Predict: what does http://localhost:9090/targets show now? What does the Grafana panel show over the next 2 minutes?
Observe. Curl the service some more. Notice that metrics still increment inside the Pod (the counter is in-process), but Prometheus has no way to see them — and nothing in Grafana makes this obvious except that your dashboard stops moving.
Revert. helm upgrade. Confirm data returns.
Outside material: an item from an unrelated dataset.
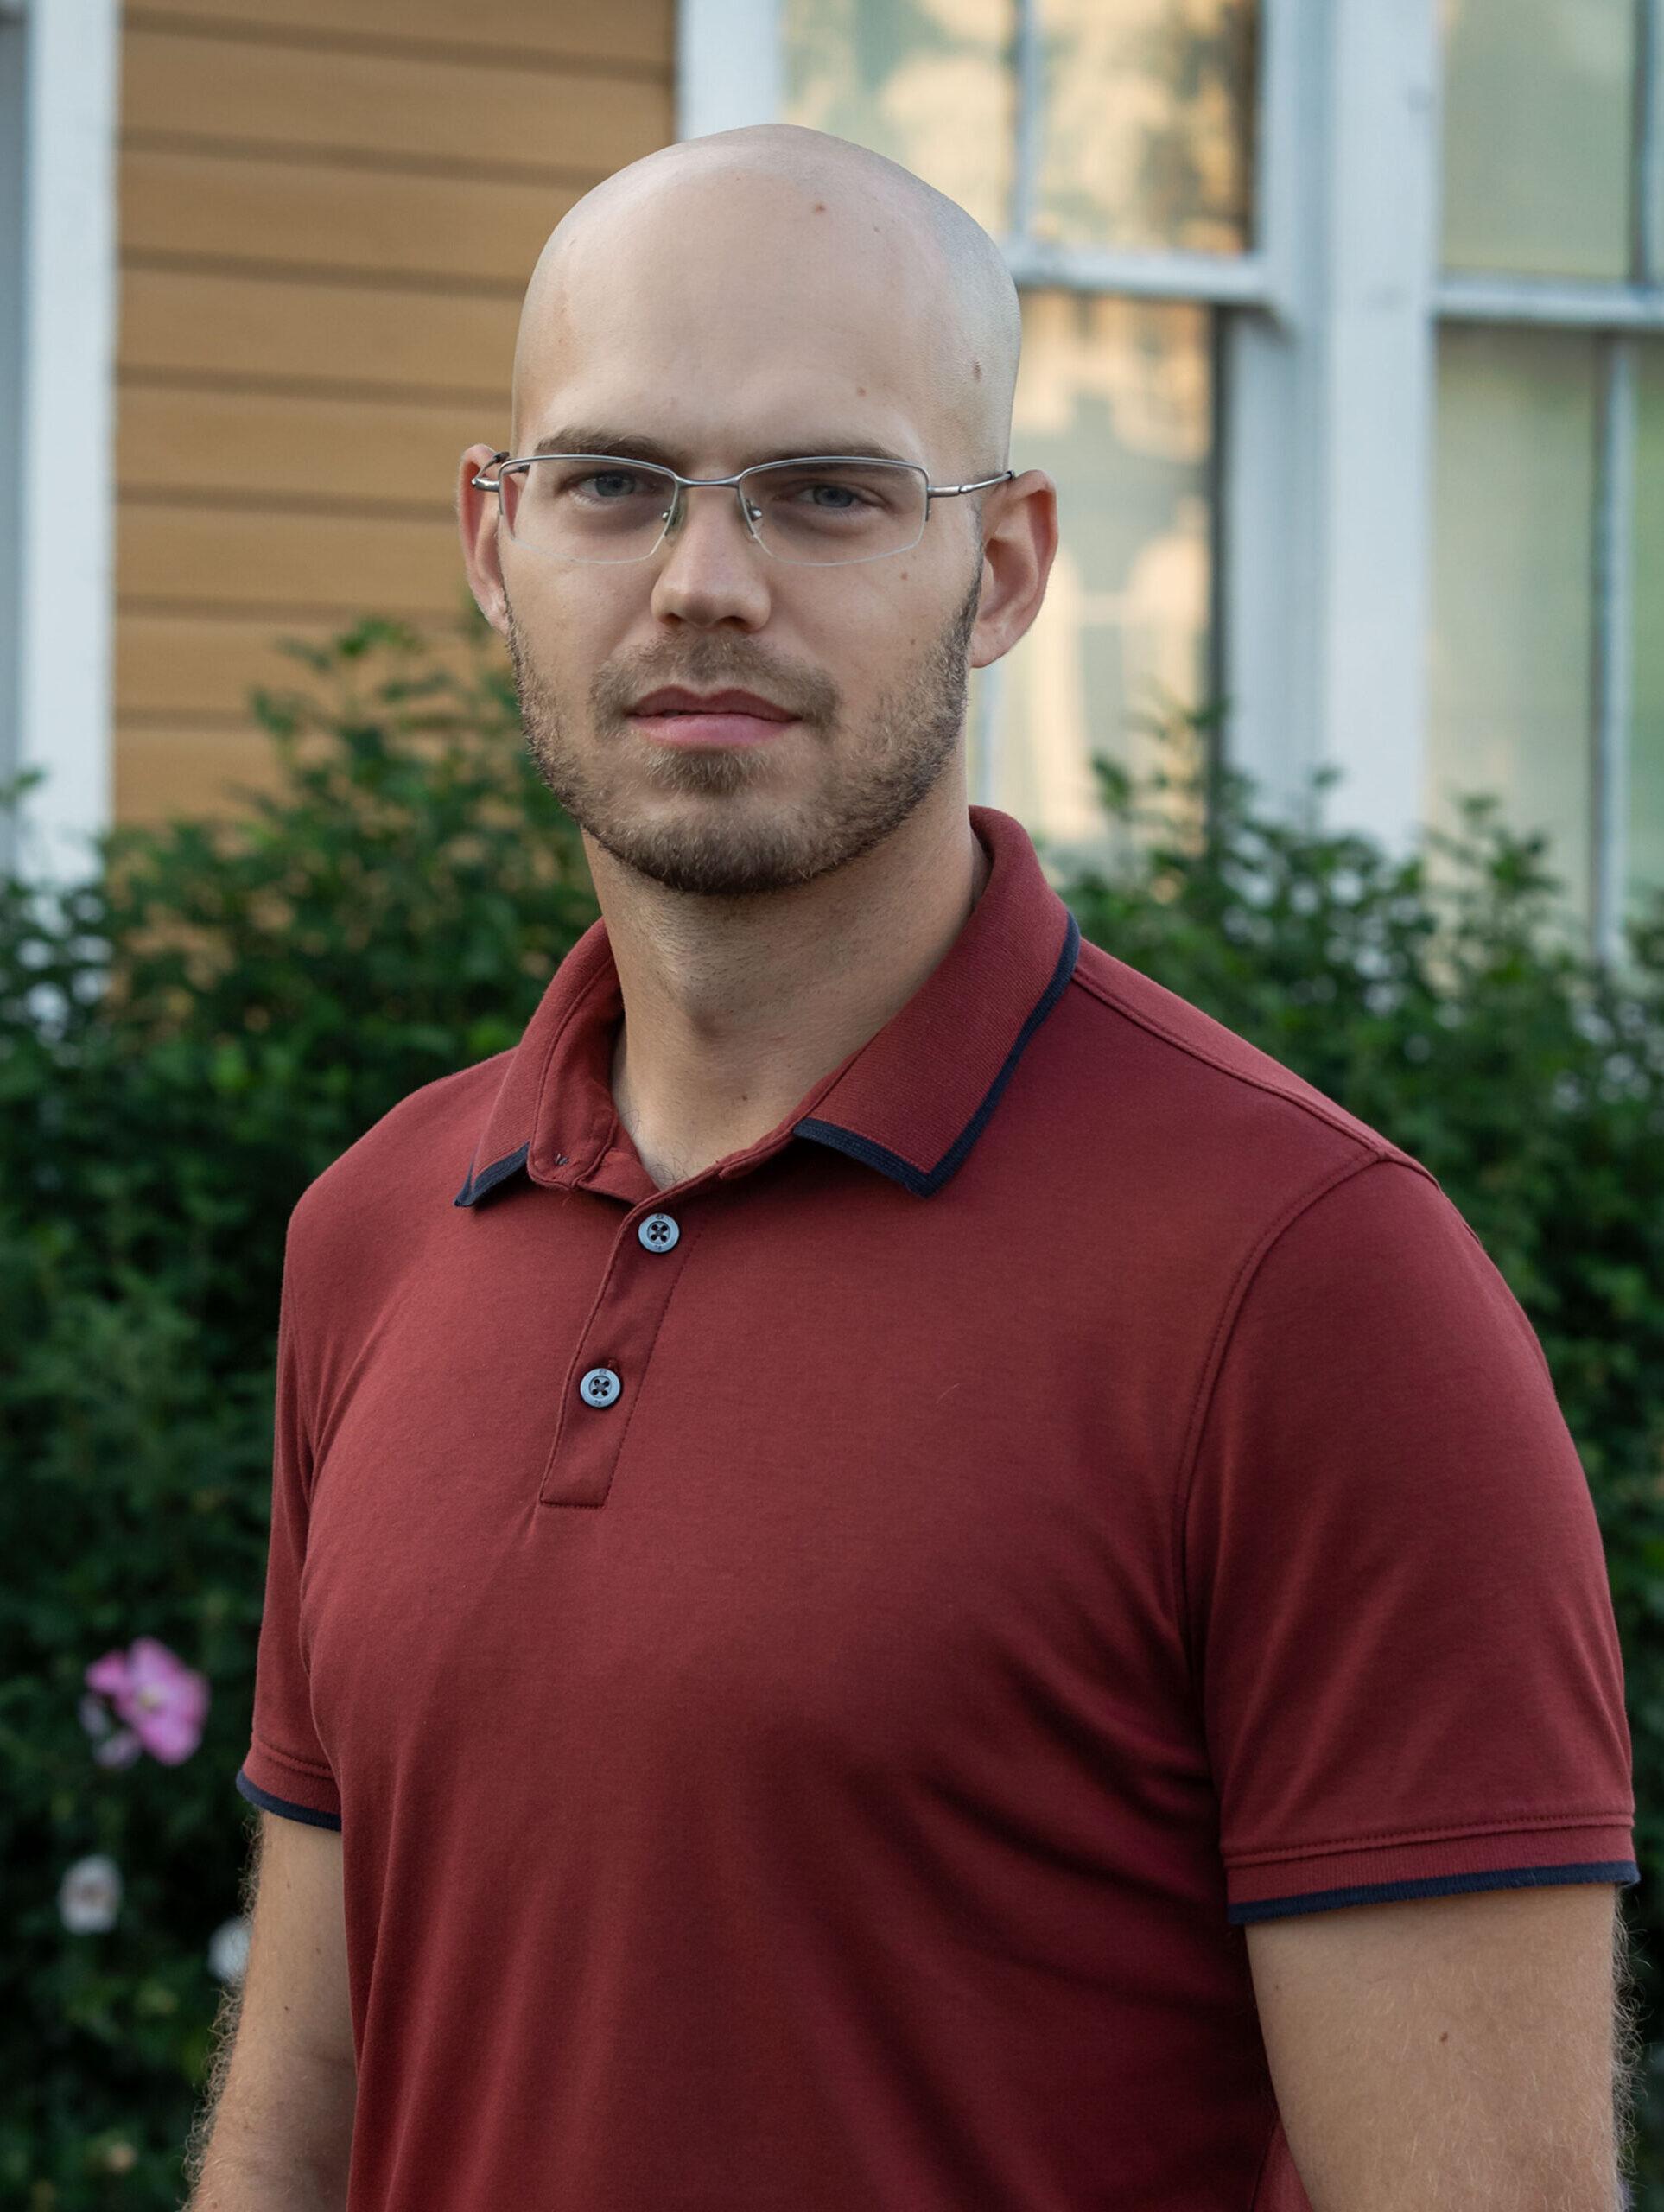 Daniel Fennell : Land Surveyor Technician

The class of failure: scrape gaps are invisible unless you alert on them. A broken ServiceMonitor is indistinguishable from "no traffic" on the dashboard. Your skill will need to document this and explain how to detect it (up{job=...} in Prometheus, or an alert on absent(hello_devops_http_requests_total)).

Acceptance test

Generate traffic:

kubectl -n demo port-forward svc/hello-chart 9898:9898 &
for i in {1..20}; do curl -s http://localhost:9898/ > /dev/null; done
for i in {1..20}; do curl -s http://localhost:9898/healthz > /dev/null; done

Return to Grafana. Within ~30 seconds you should see the rate climb on code="200" series. curl http://localhost:9898/nope a few times to get a code="404" series.

What to keep for the next lesson

Keep the chart changes, the Grafana dashboard (export it as JSON — Dashboard settings → JSON Model → copy), and your Break it on purpose notes on the scrape gap. In the next lesson you'll codify .claude/skills/prom-grafana-instrument/ and teach it that a working install isn't a working observability setup — a working setup also detects its own silence.